For many, this is what March Madness is all about. So here's a taste--not all of it savory--of what's going on beyond the hardwood:

* Catalina croakers: You know it's spring when white seabass start spawning at the island, and Santa Catalina has been serving them up all week on days when the wind isn't up. On Sunday, a 71-pounder was the biggest of several large croakers hauled aboard the Lucky Strike out of Pierpoint Landing in Long Beach. On Wednesday, 37 anglers aboard the Big Game out of Pierpoint bagged 37 seabass to about 40 pounds.

"It's been a bonanza out there," says Philip Friedman, whose 976-TUNA hotline is running a series of charters out of Pierpoint. Some bonanza. The season bag limit was reduced to one a day on March 15 and reverts to three on June 15. Still, one 30- or 40-pound seabass is ample, both at the end of the line and in the freezer.

* Halibut high: The spring bite is on and more than 3,000 anglers are expected to compete for exotic fishing trips and other prizes in either of two huge tournaments held annually in Santa Monica Bay. The Marina del Rey Halibut Derby is April 1-2. You can enter by calling (310) 827-4855. The Santa Monica Bay Halibut Derby is the following weekend: (310) 450-5131.

* Halibut low: At S.E.A. Laboratory in Redondo Beach, they're mourning the loss of Big Mama, a 50-pound halibut that was one of 20 apparently speared and stolen by intruders who left a trail of blood and guts.

Big Mama was a 10-year resident of a 10-by-20-foot oval tank at the hatchery-aquarium at the base of King Harbor. She was unique in that she willingly spawned in captivity and had been very productive over the years. She was also hugely popular among children visiting the facility. The motive for the butchery is unclear, but if someone turns in a 50-pound halibut at either of the aforementioned derbies, he or she will fall under heavy scrutiny.

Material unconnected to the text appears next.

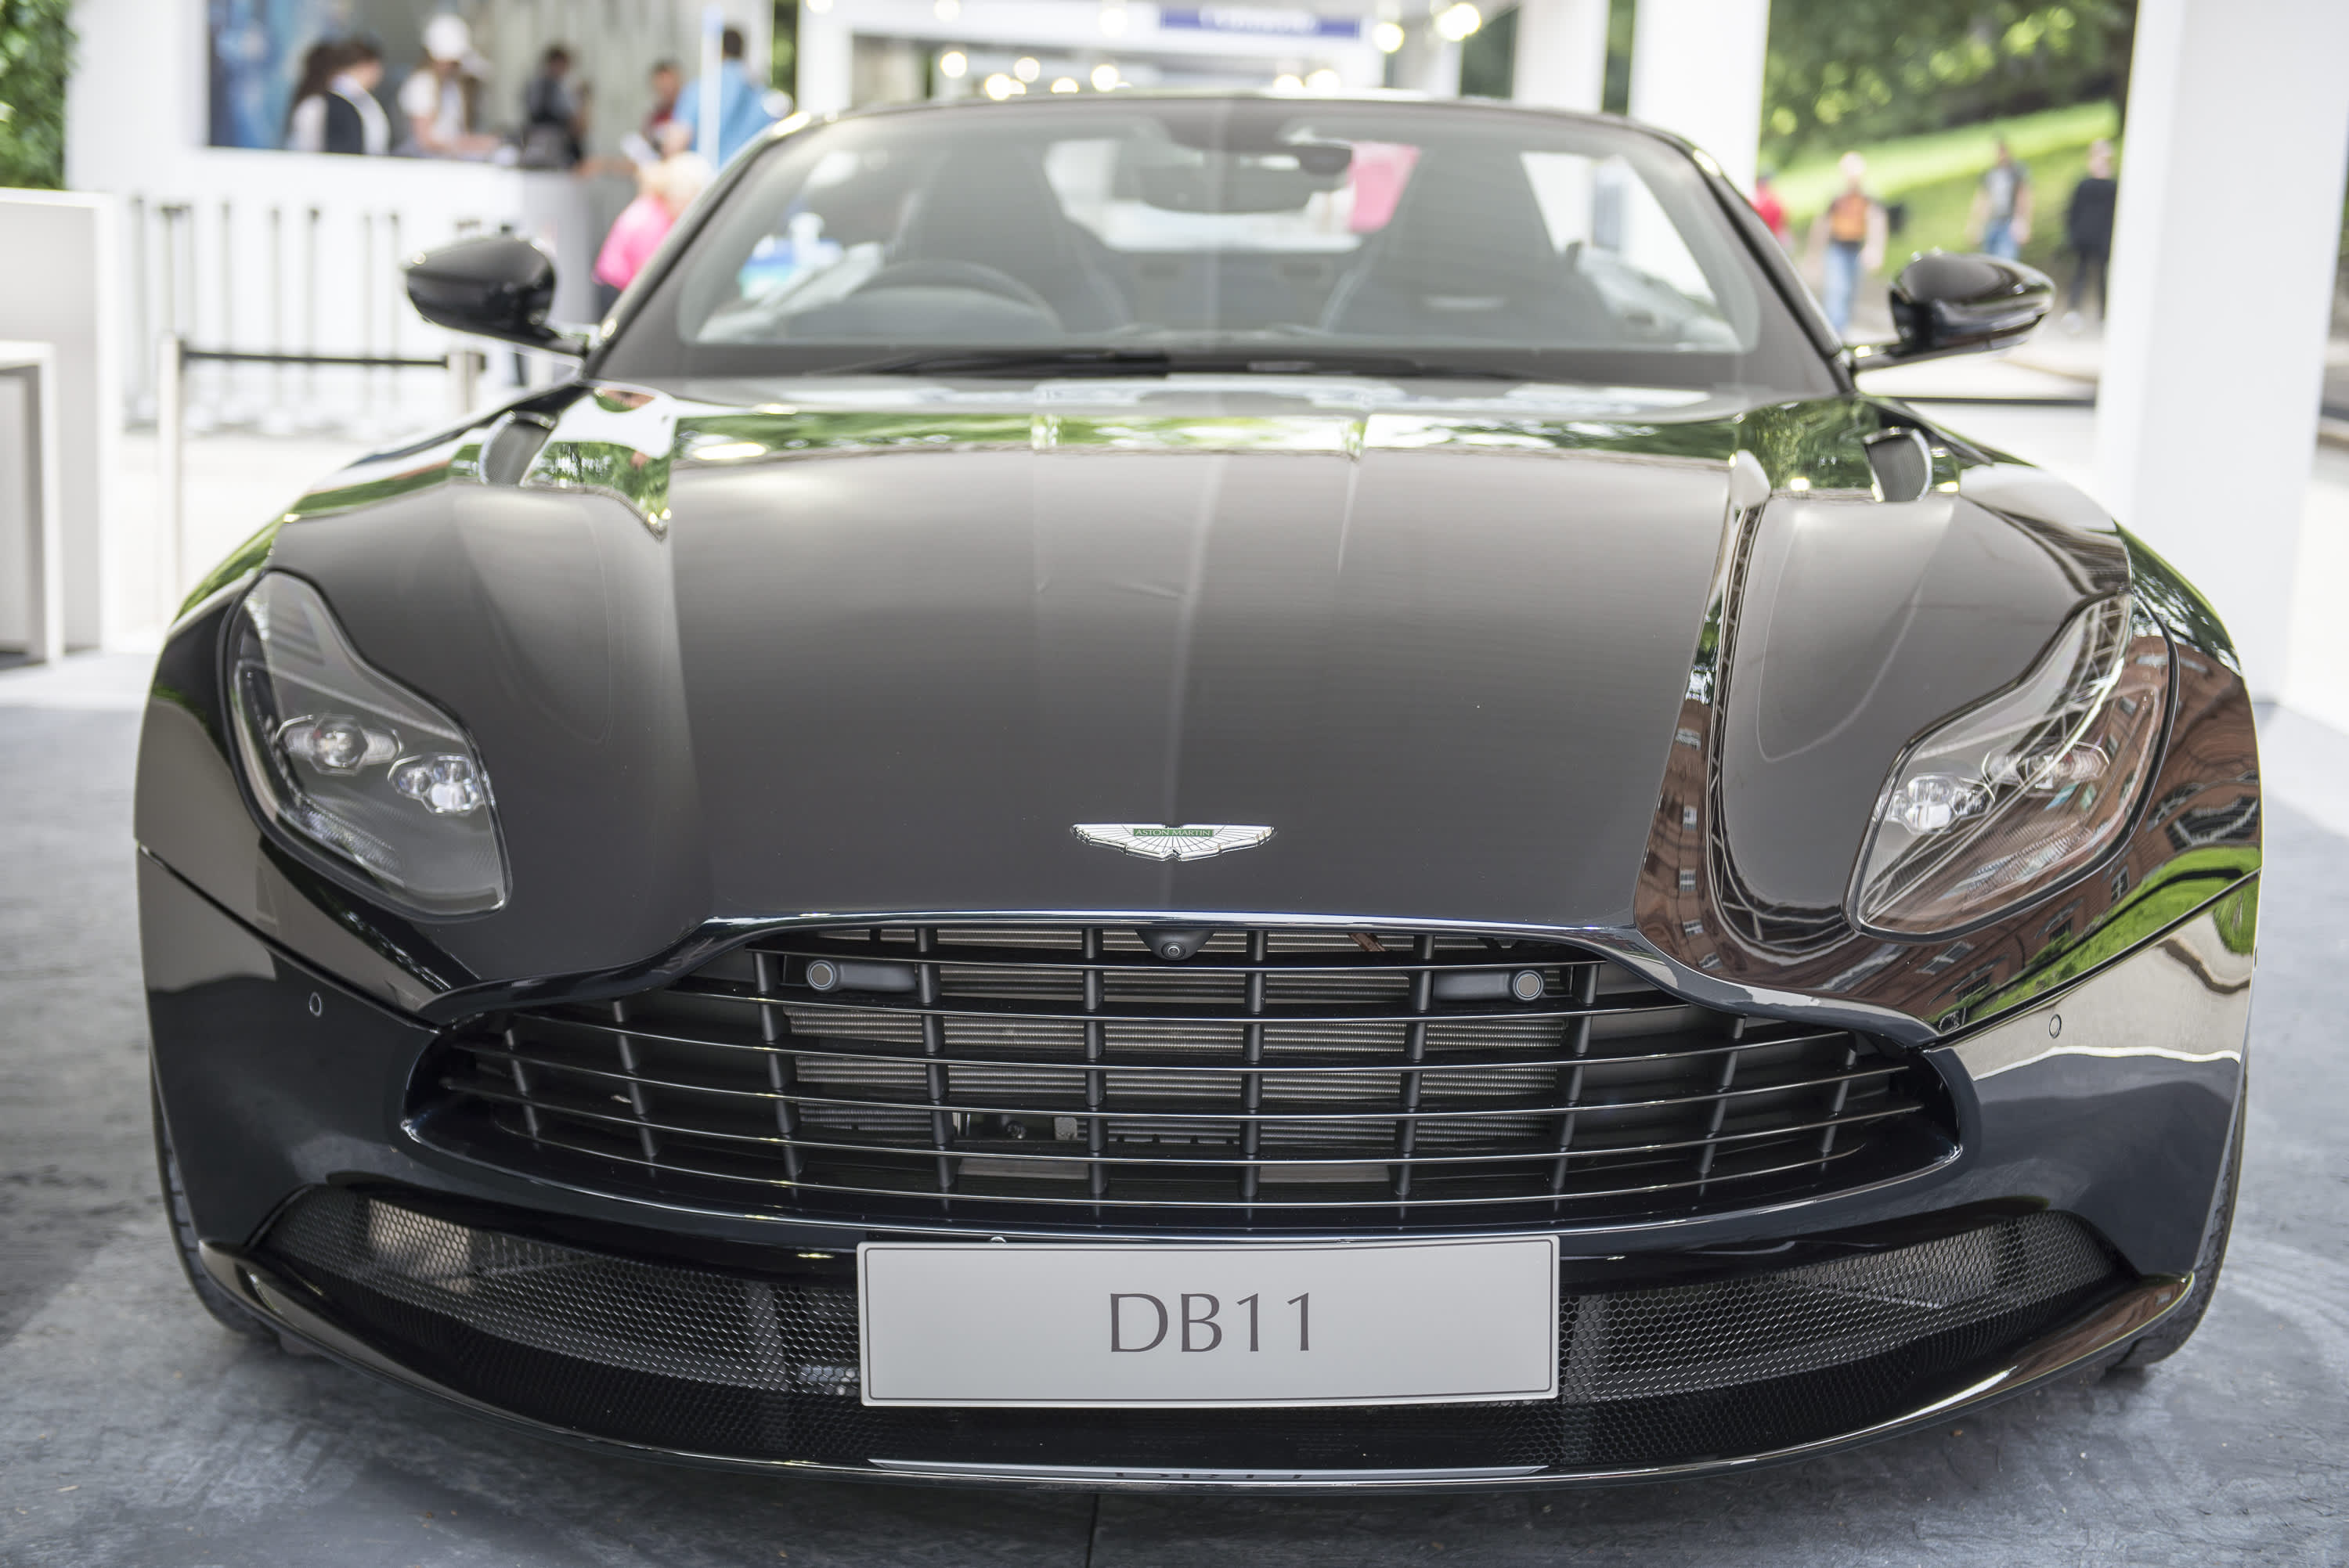 Die Aktien des Luxusautoherstellers Aston Martin fielen um 11 %, da sich die Verluste fast verdoppelten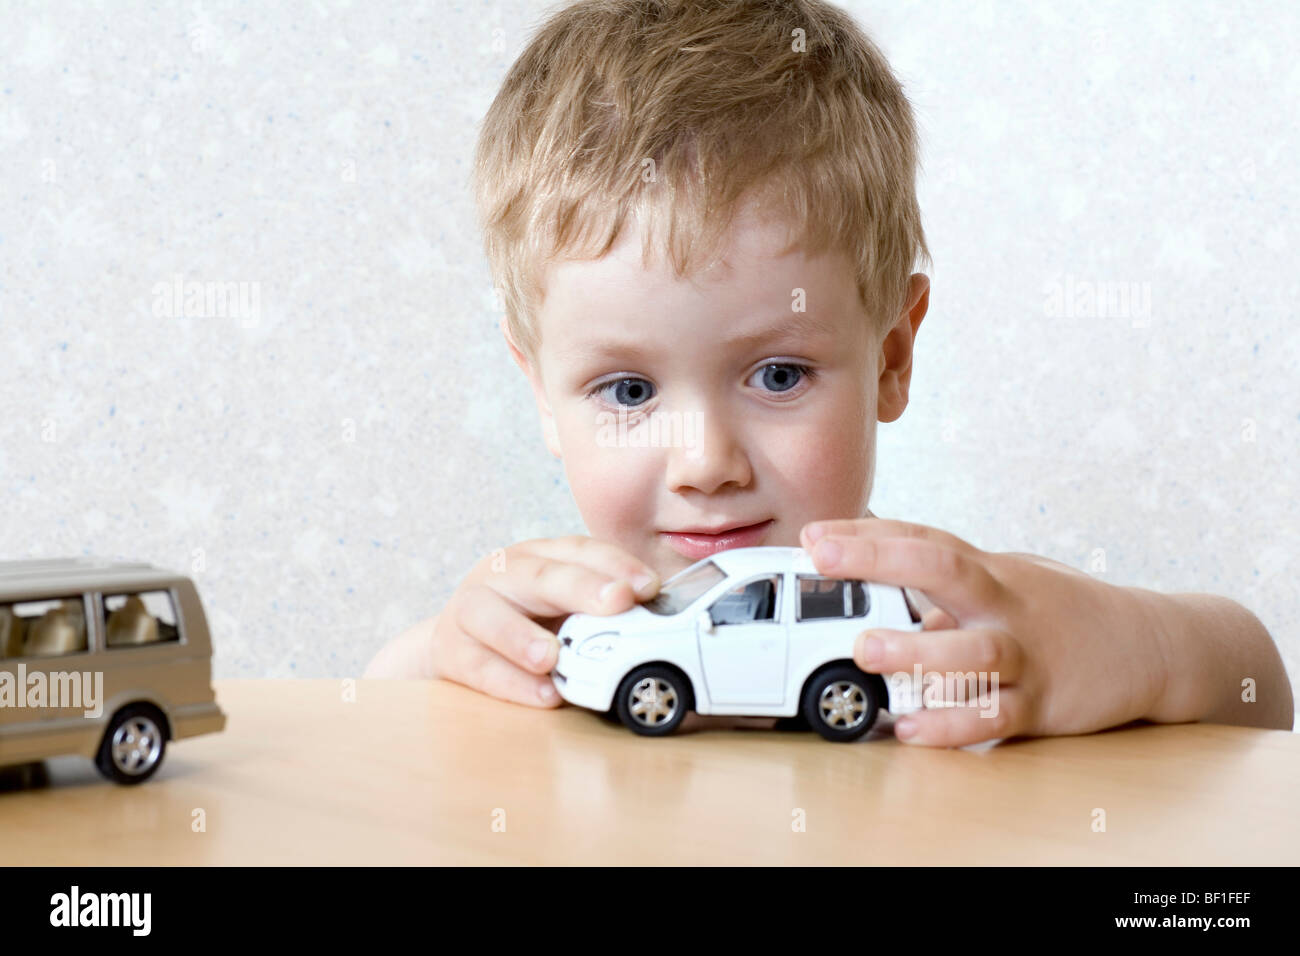 Ein kleiner Junge spielt mit einem Spielzeugauto Stockfoto

* Troubled waters: Reports are still filtering in of vessels outfitted with controversial long-line gear plying Mexican waters well within the 50-mile limit supposedly in effect to preserve game fish populations. The latest come from Cabo San Lucas, Mexico's crown jewel in the eyes of sport fishermen, who contribute millions to the country's economy each year.

Rumor has it, corrupt individuals within the lame-duck administration are selling long-line permits to anyone who wants one. This, of course, has not been proved. Another explanation is that some fishermen are being allowed to use the gear--which basically is miles of lines with hundreds of baited hooks--as part of an "experimental" shark research project.

Mexican fisheries officials have been vague on the issue, but do acknowledge that there is some illegal fishing going on. Meanwhile, tourism officials are up in arms over the matter, and rightly so. They can build all the golf courses they want in Cabo, but as the marlin fishery goes, so goes the city.

* Troubled town: Farther up the Sea of Cortez at Loreto, yellowtail arrived en masse, on cue not long ago. And they were promptly rounded up by commercial seiners.

"The commercial netters are taking all of them, even within the boundaries of the [national] marine park," says one frustrated fleet operator.

Loreto, one of Baja's most beautiful and charming cities, basically has two sportfishing seasons, one for yellowtail and a mid- and late-summer run of dorado. Only dorado, a species reserved for sport fishermen, are protected against the seiners.

* Roosterfish raids: Spring is when gill-netters from mainland Mexico, who have largely fished out their waters, start making illegal raids on inshore areas in the remote East Cape region of Baja California, trying to load up on anything they can catch to satisfy an increased demand for fish during Lent, the period preceding Easter. Notable in their nets are roosterfish and jacks.

Since protecting the interests of sportfishermen--whose value to the economy far surpasses that of commercial fishing--does not seem to be a priority this year, there's no reason to believe the gill-netters won't be back.

* On the brighter side, there is some decent fishing off southern Baja, mostly for dorado and small tuna in the East Cape and La Paz areas.